**** GIVEN DATA

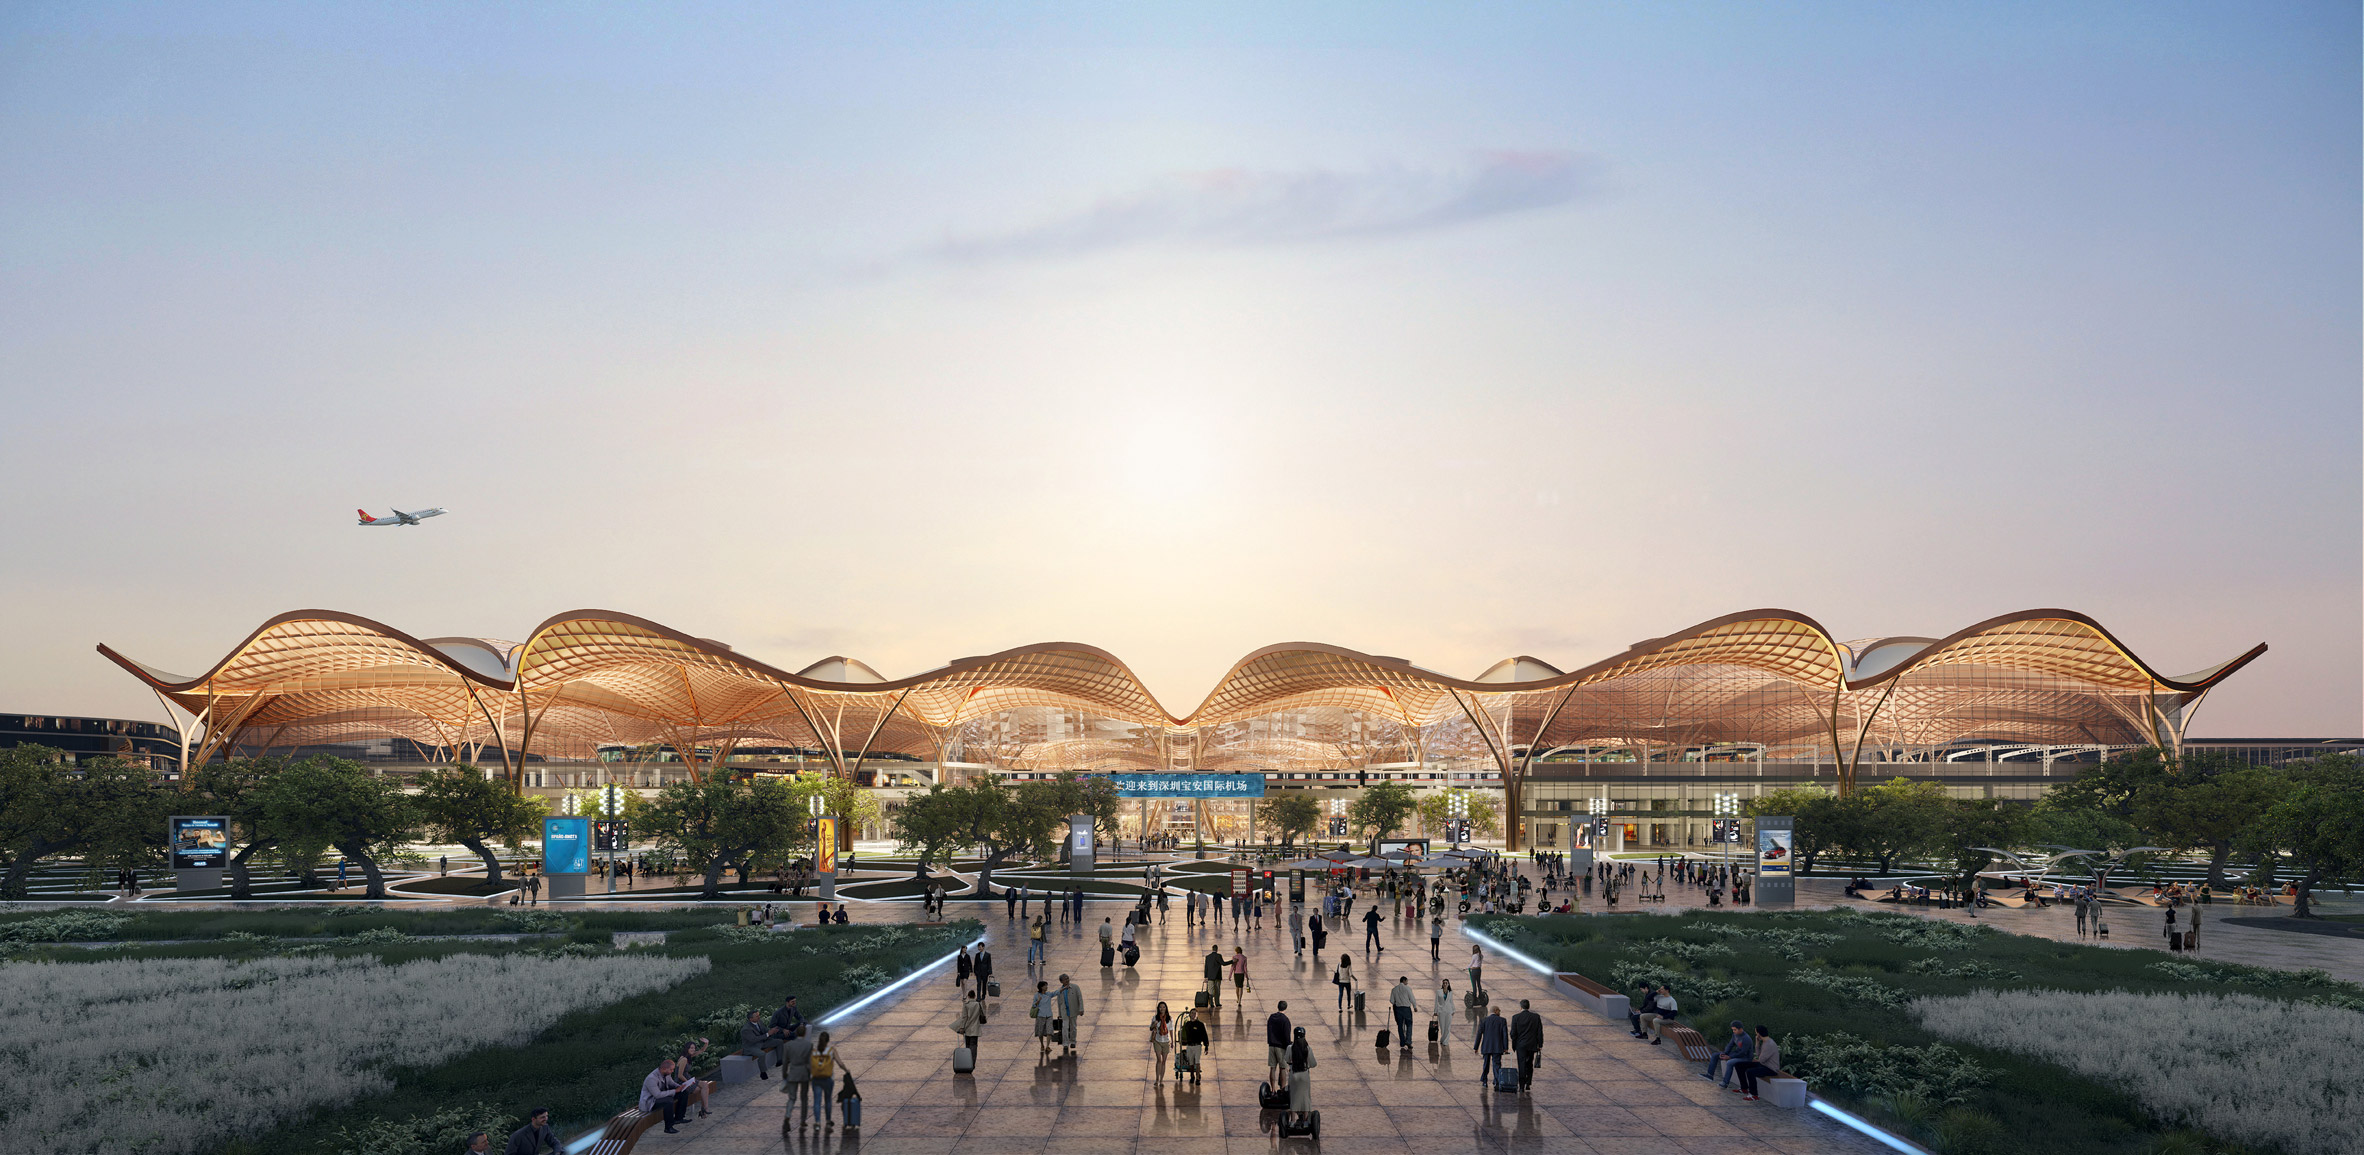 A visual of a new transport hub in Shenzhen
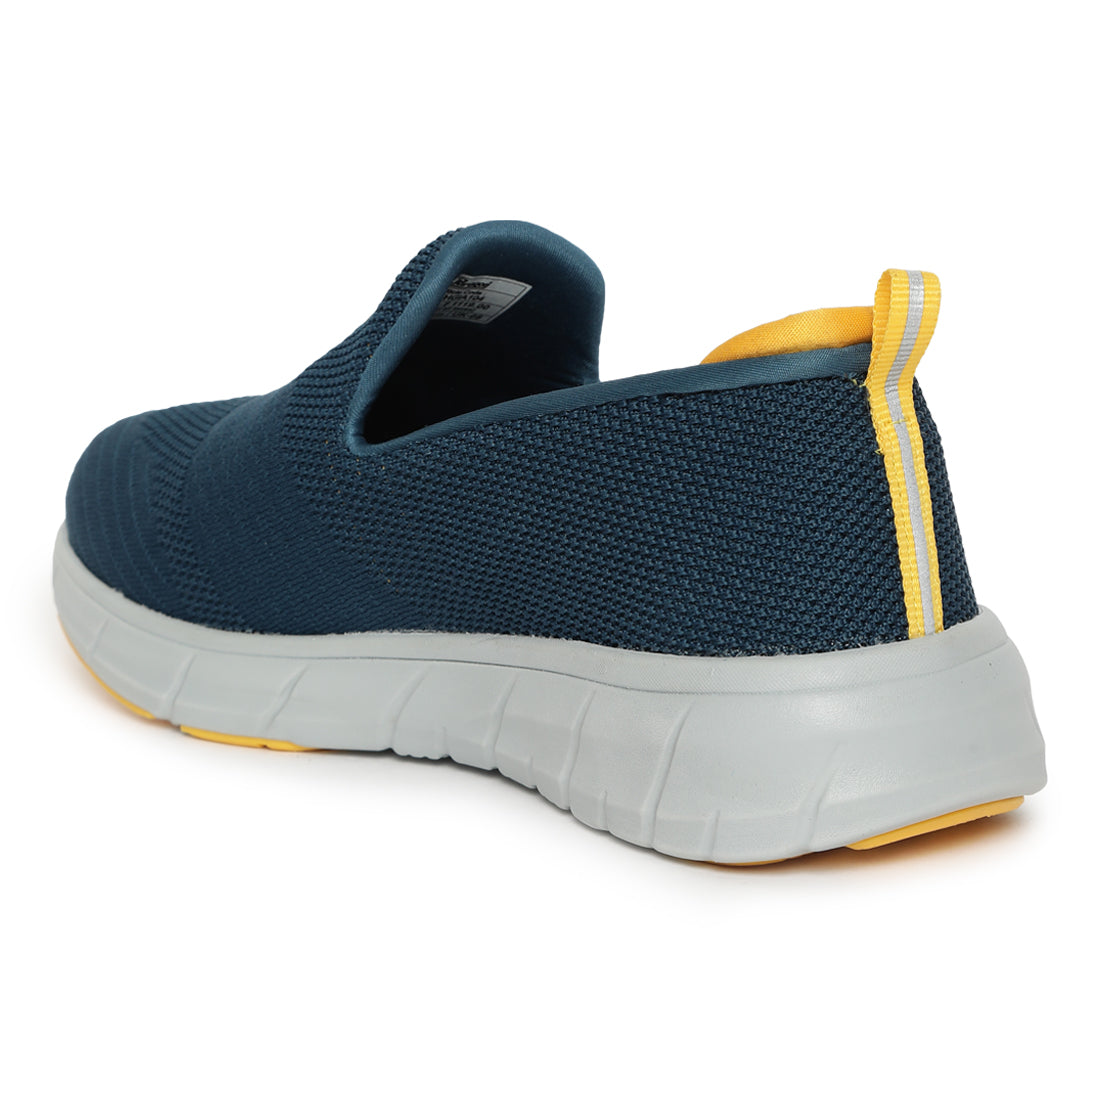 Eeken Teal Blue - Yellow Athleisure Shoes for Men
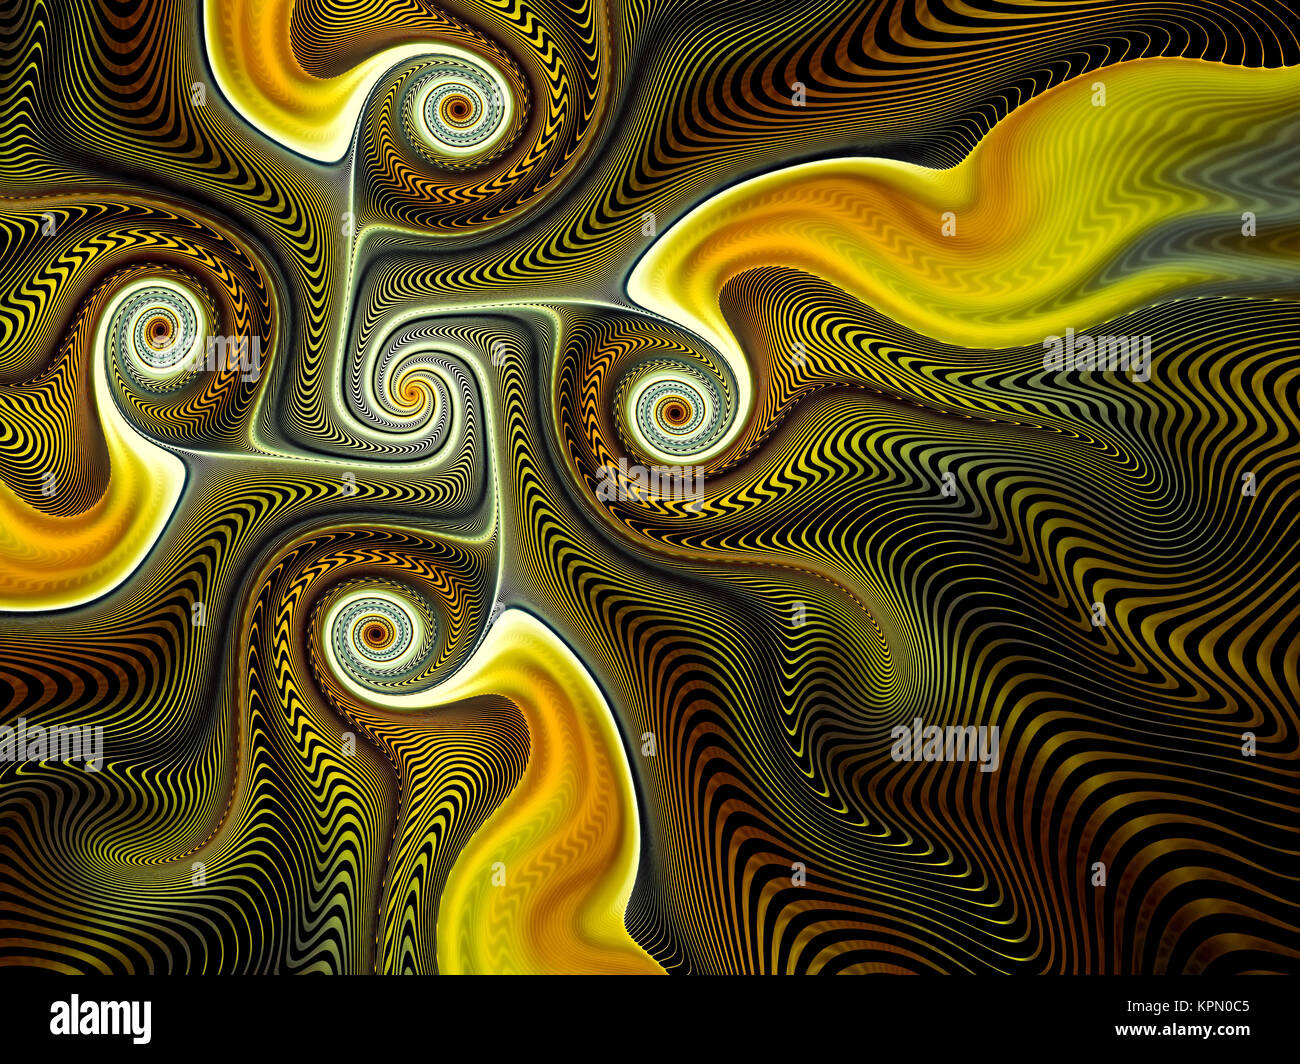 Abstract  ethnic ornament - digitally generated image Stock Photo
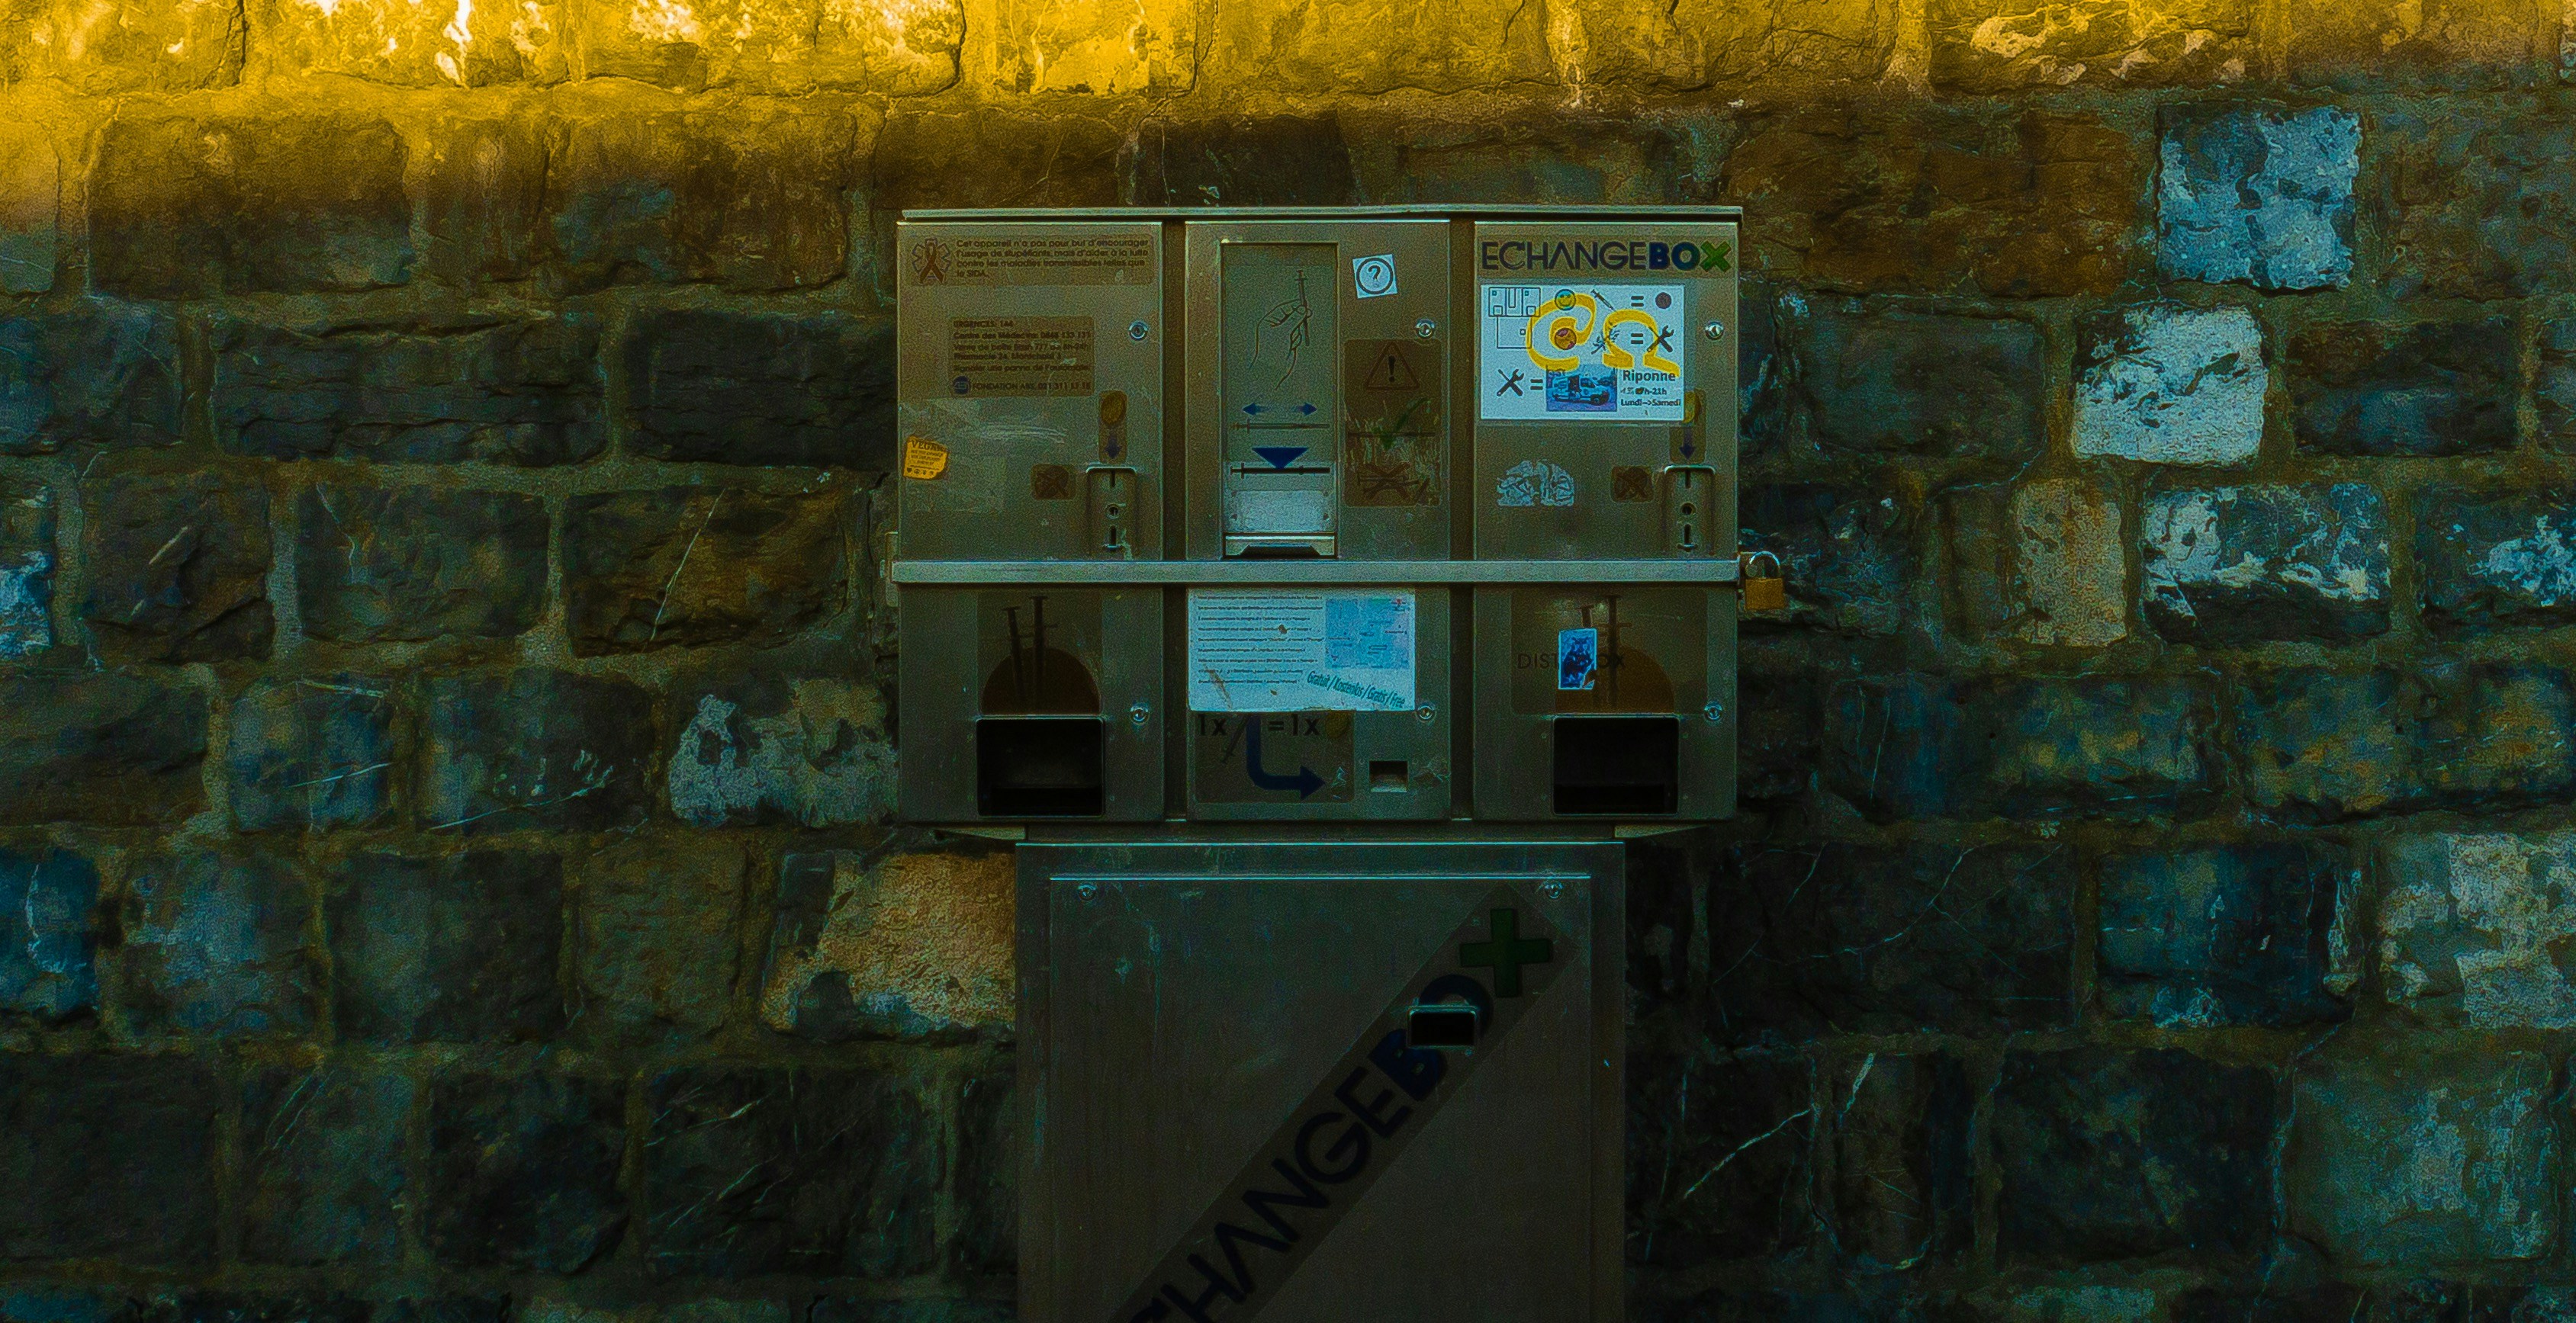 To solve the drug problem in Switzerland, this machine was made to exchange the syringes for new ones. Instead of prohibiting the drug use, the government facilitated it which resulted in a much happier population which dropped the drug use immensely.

********

▸ **EXERCISE**:
Print, exactly as written, the lines above from the first one to the one containing "image Stock Photo". Leave out pictures.

▸ **COMPLETED EXERCISE**:
 A visual of a new transport hub in Shenzhen
 Eeken Teal Blue - Yellow Athleisure Shoes for Men
 Abstract  ethnic ornament - digitally generated image Stock Photo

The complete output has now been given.